→ **Problem details**: Leave out the pictures and repeat the data exactly.

======== Data extract

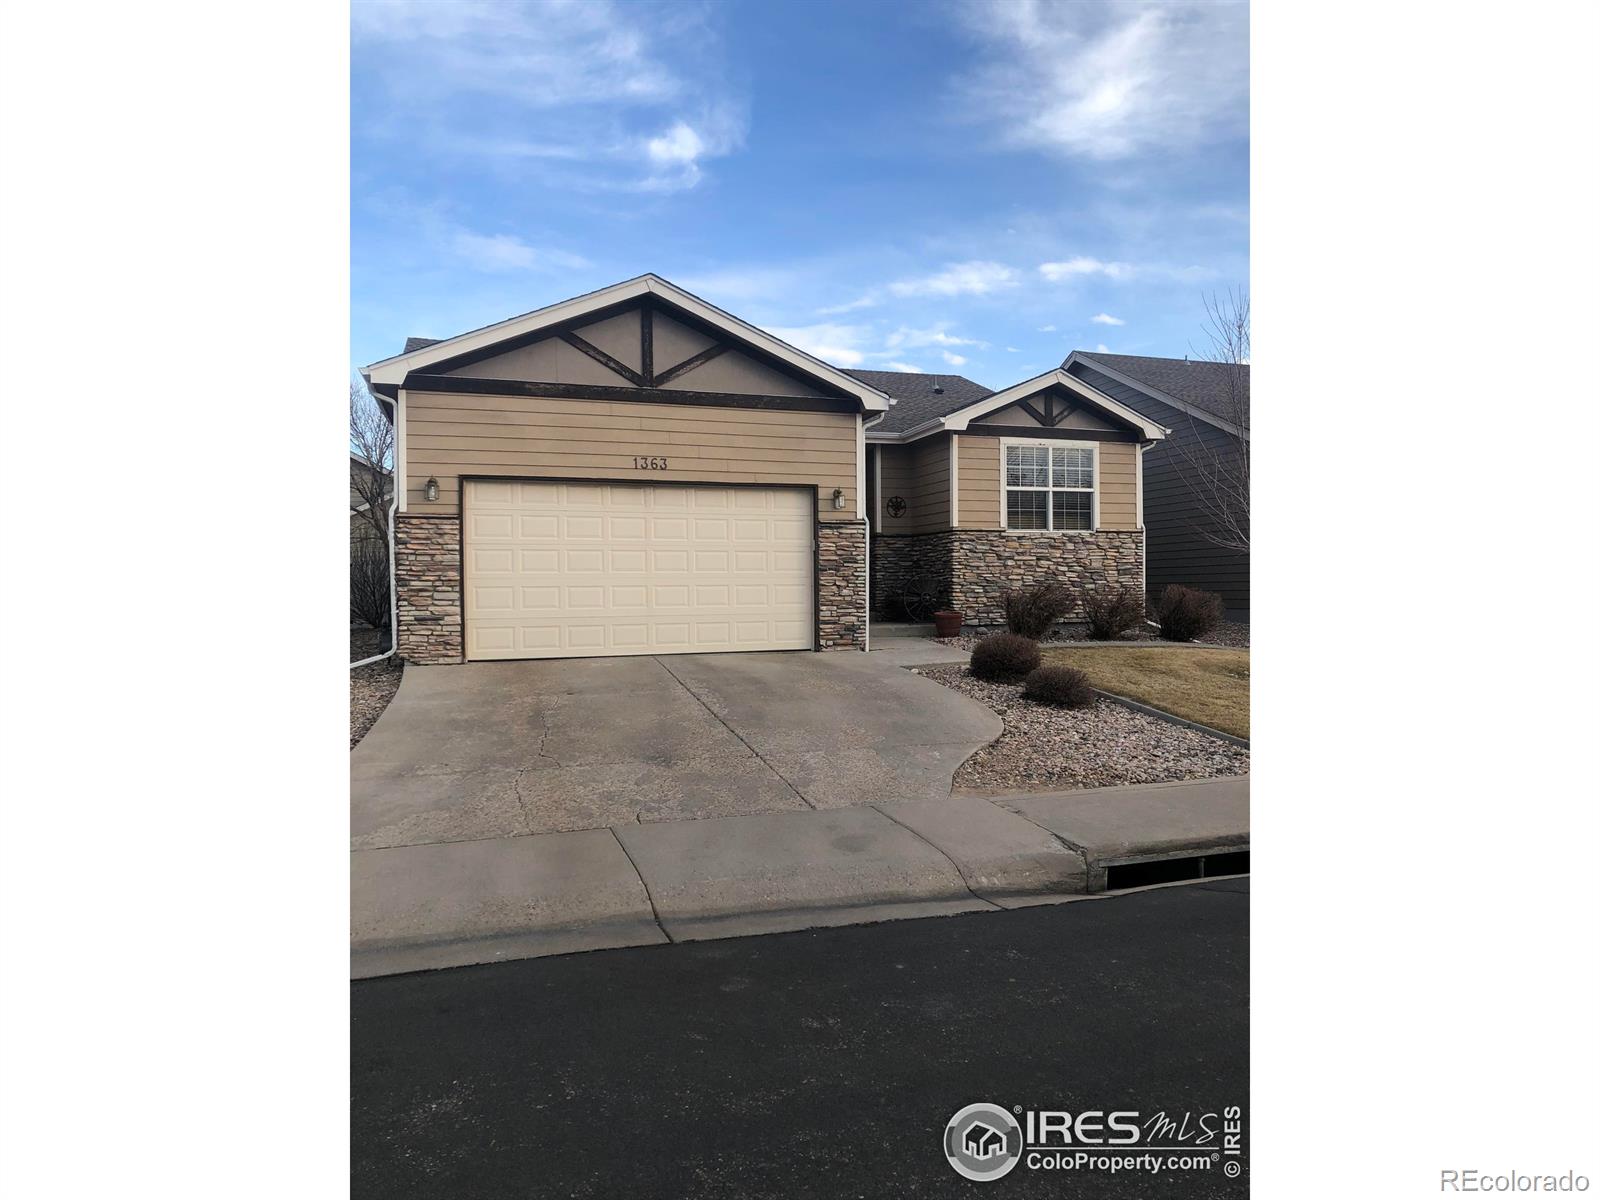 Report Image for 1363  Sunset Bay Drive,Windsor, Colorado
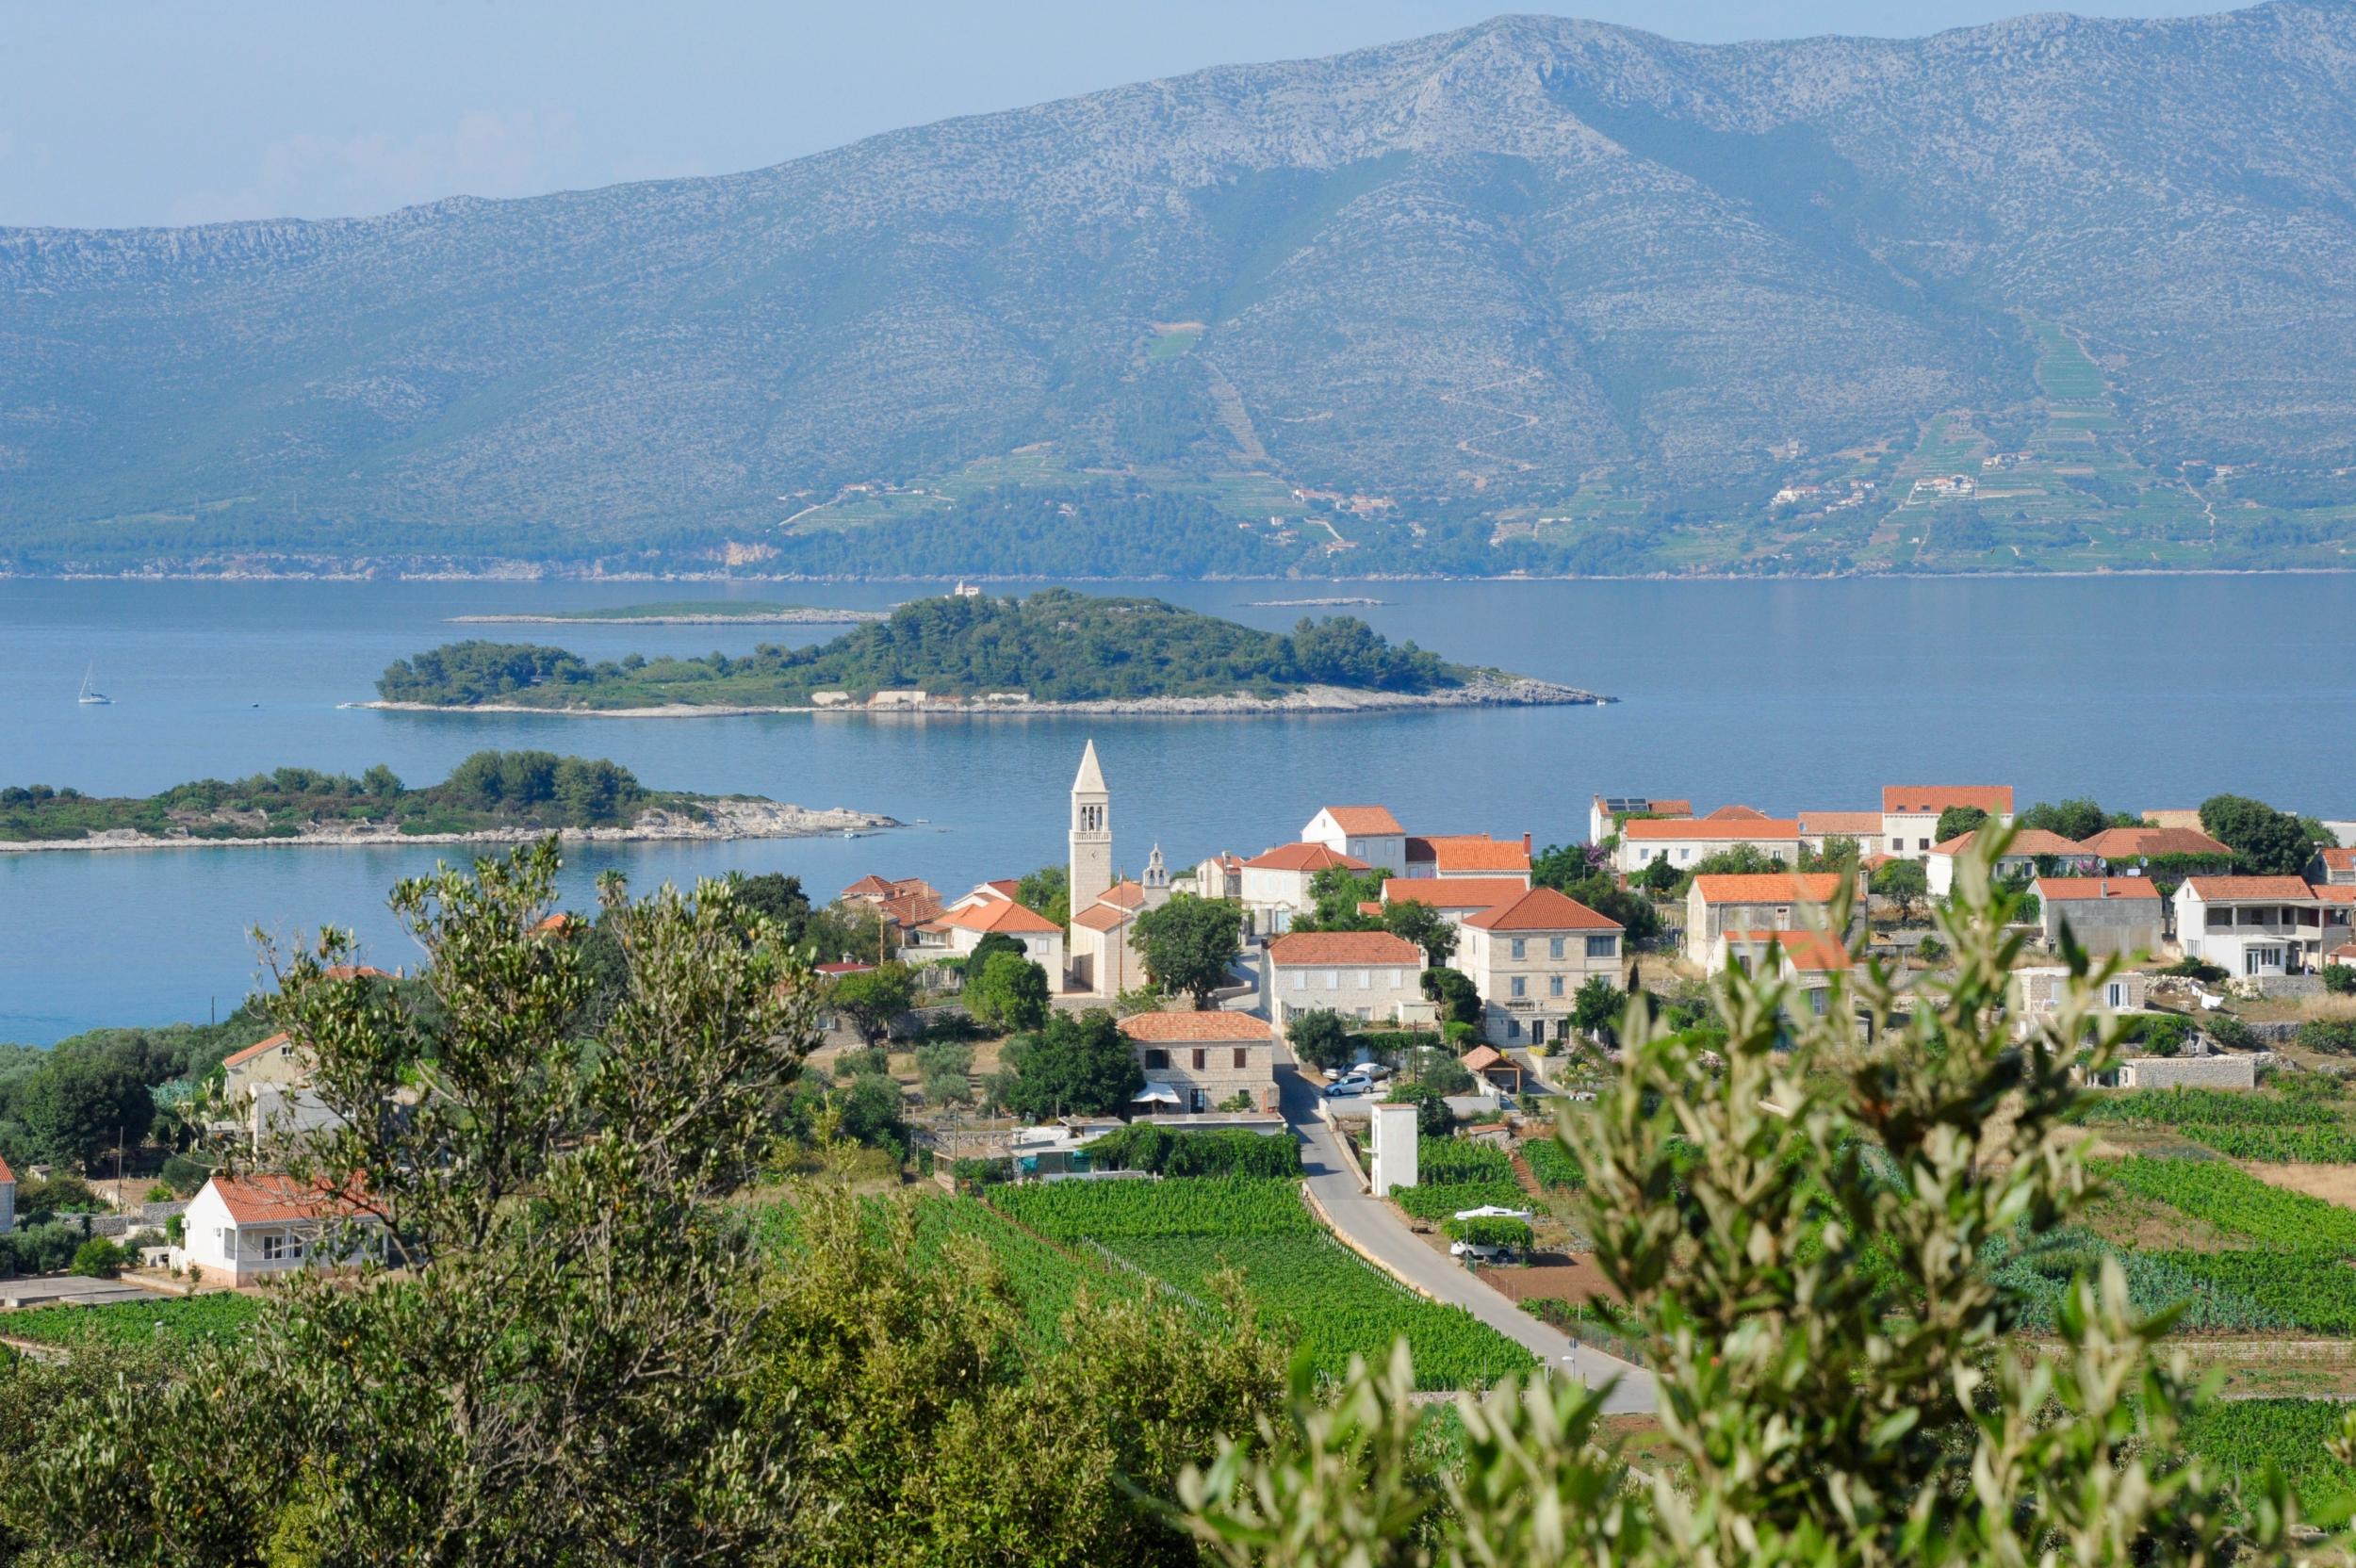 Korcula Town is like a mini Dubrovnik with plenty of wine on offer
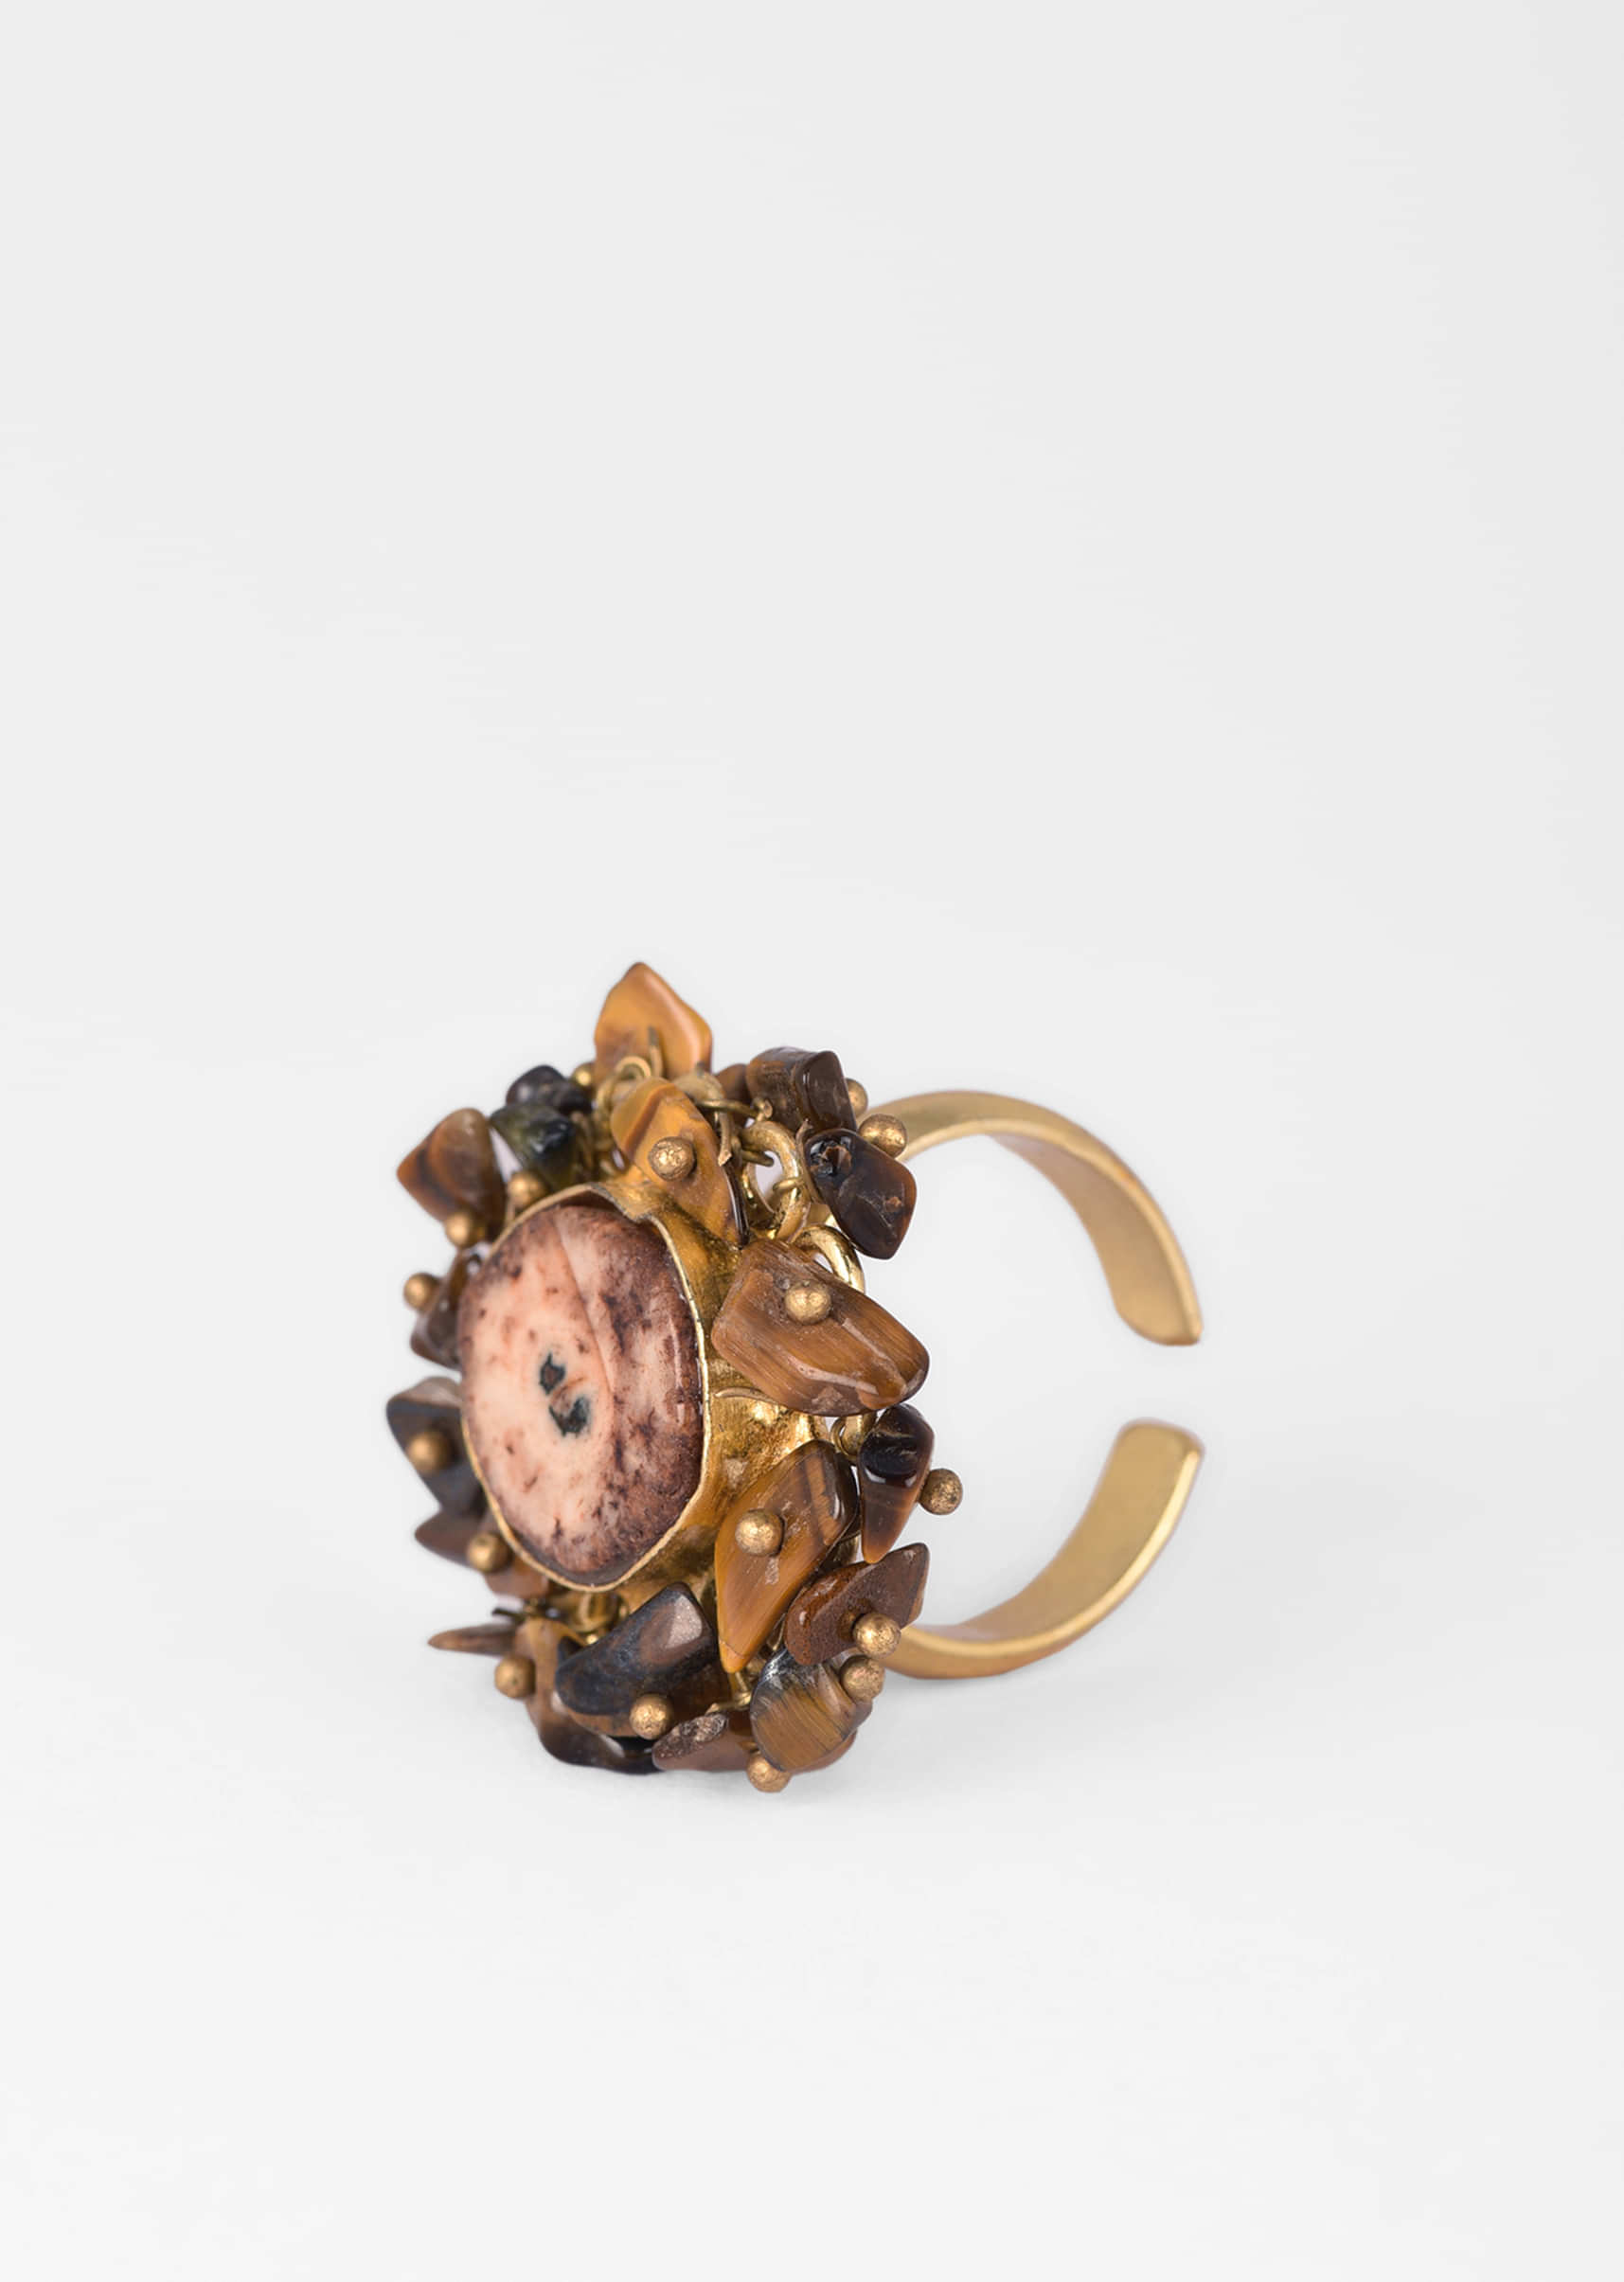 Gold Plated Ring With A Brown Semi Precious Stone Centre And Tiny Stone Pieces All Over

================

→ **Completed exercise**:
 Report Image for 1363  Sunset Bay Drive,Windsor, Colorado
 Korcula Town is like a mini Dubrovnik with plenty of wine on offer
 Gold Plated Ring With A Brown Semi Precious Stone Centre And Tiny Stone Pieces All Over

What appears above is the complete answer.